The courts continue to grapple with the use of expert testimony for class certification. In In re Wholesale Grocery Products Antitrust Litigation, 17 the Court affirmed the district court’s refusal to certify a class because the class’s expert failed to account for differences between a benchmark and the comparator and failed to consider non-conspiratorial factors that could affect the expert’s analysis. In In re Rail Freight Fuel Surcharge Antitrust Litigation, 18 the DC Circuit rejected class certification because the plaintiffs’ expert failed to demonstrate any damage for 2,000 class members, or 13 per cent of the class; the decision also sheds light on the importance of expert testimony in establishing classwide injury.
Less frequent topics were also covered. The Robinson-Patman Act made a rare appearance in the Third Circuit in 2019 in Spartan Concrete Products, LLC v Argos USVI, Corporation. 19 That Court explained that plaintiffs must offer strong evidence showing that the discriminatory pricing by the defendant actually caused harm to the plaintiff’s ability to compete. A district court in the Fourth Circuit addressed Copperweld immunity at the motion to dismiss stage, in CSX Transportation, Inc v Norfolk Southern Railroad Co. 20 The Seventh Circuit addressed Noerr-Pennington issues in very long-running litigation in the US Futures Exchange, LLC v Board of Trade of the City of Chicago, Inc case noted above.
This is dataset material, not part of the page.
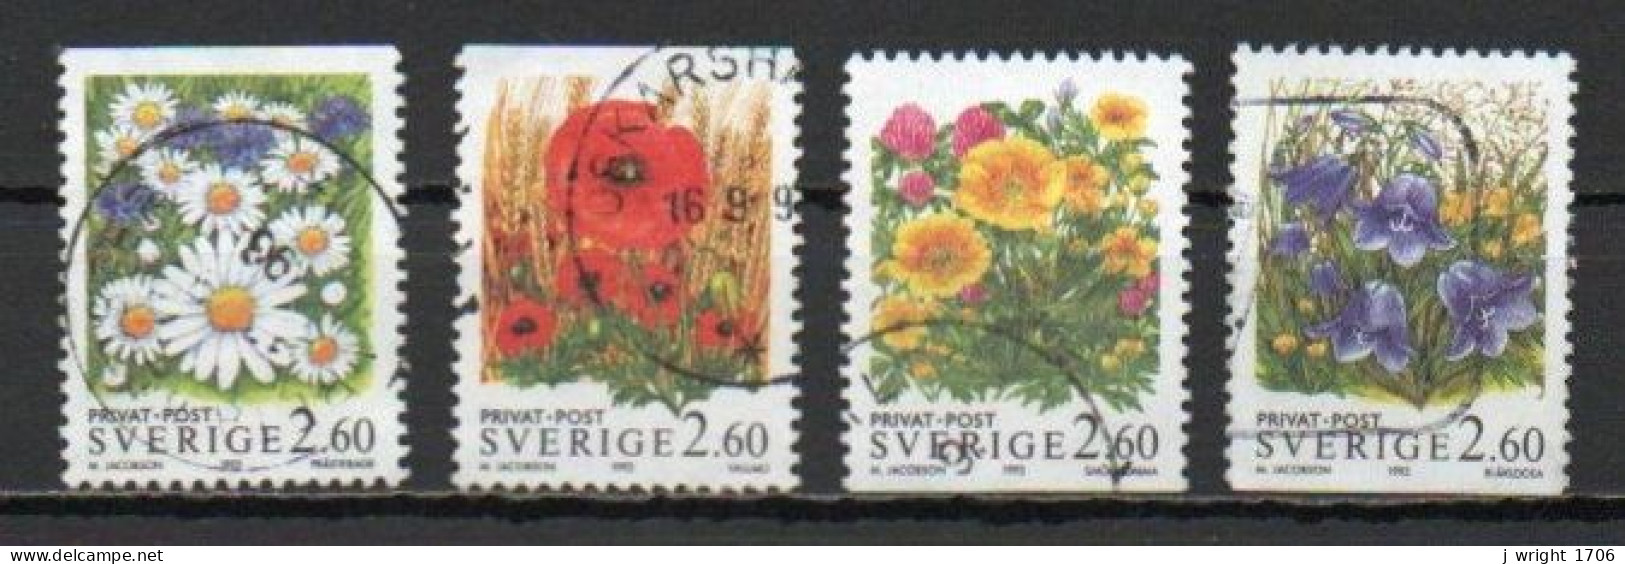 Sweden, 1993, Rebate Stamps/Flowers, Set, USED - Gebruikt

All in all, it was an interesting year in antitrust. We hope you find this book useful, and we look forward to next year’s look at what unfolded in 2020.
1 392 U.S. 481 (1968).
2 431 U.S. 720 (1977).
3 139 S. Ct. 1514 (2019).
4 933 F.3d 1136 (9th Cir. 2019).
5 938 F.3d 43 (2d Cir. 2019).
6 138 S. Ct. 2274 (2018).
7 922 F.3d 713 (6th Cir.), cert. denied, 140 S. Ct. 380 (2019).
8 930 F.3d 1161 (10th Cir. 2019).
9 425 F. Supp. 3d 524 (D. Md. 2019).
10 916 F.3d 1029 (D.C. Cir. 2019).
11 Federal Trade Commission, et al. v Penn State Hershey Medical Center, et al., 914 F.3d 193 (3rd Cir. 2019).
12 926 F.3d 959 (8th Cir. 2019).
13 917 F.3d 389 (5th Cir. 2019).
14 934 F.3d 1270, 1271 (11th Cir. 2019).
15 939 F.3d 47 (1st Cir. 2019).
16 No. 18-3558 (7th Cir. Mar. 23, 2020).
17 946 F.3d 995 (8th Cir. 2019).
18 934 F.3d 619, 620 (D.C. 2019).
19 929 F.3d 107 (2019).
20 No. 18-CV-530, 2019 WL 4564564 (E.D. Va. Sept. 9, 2019).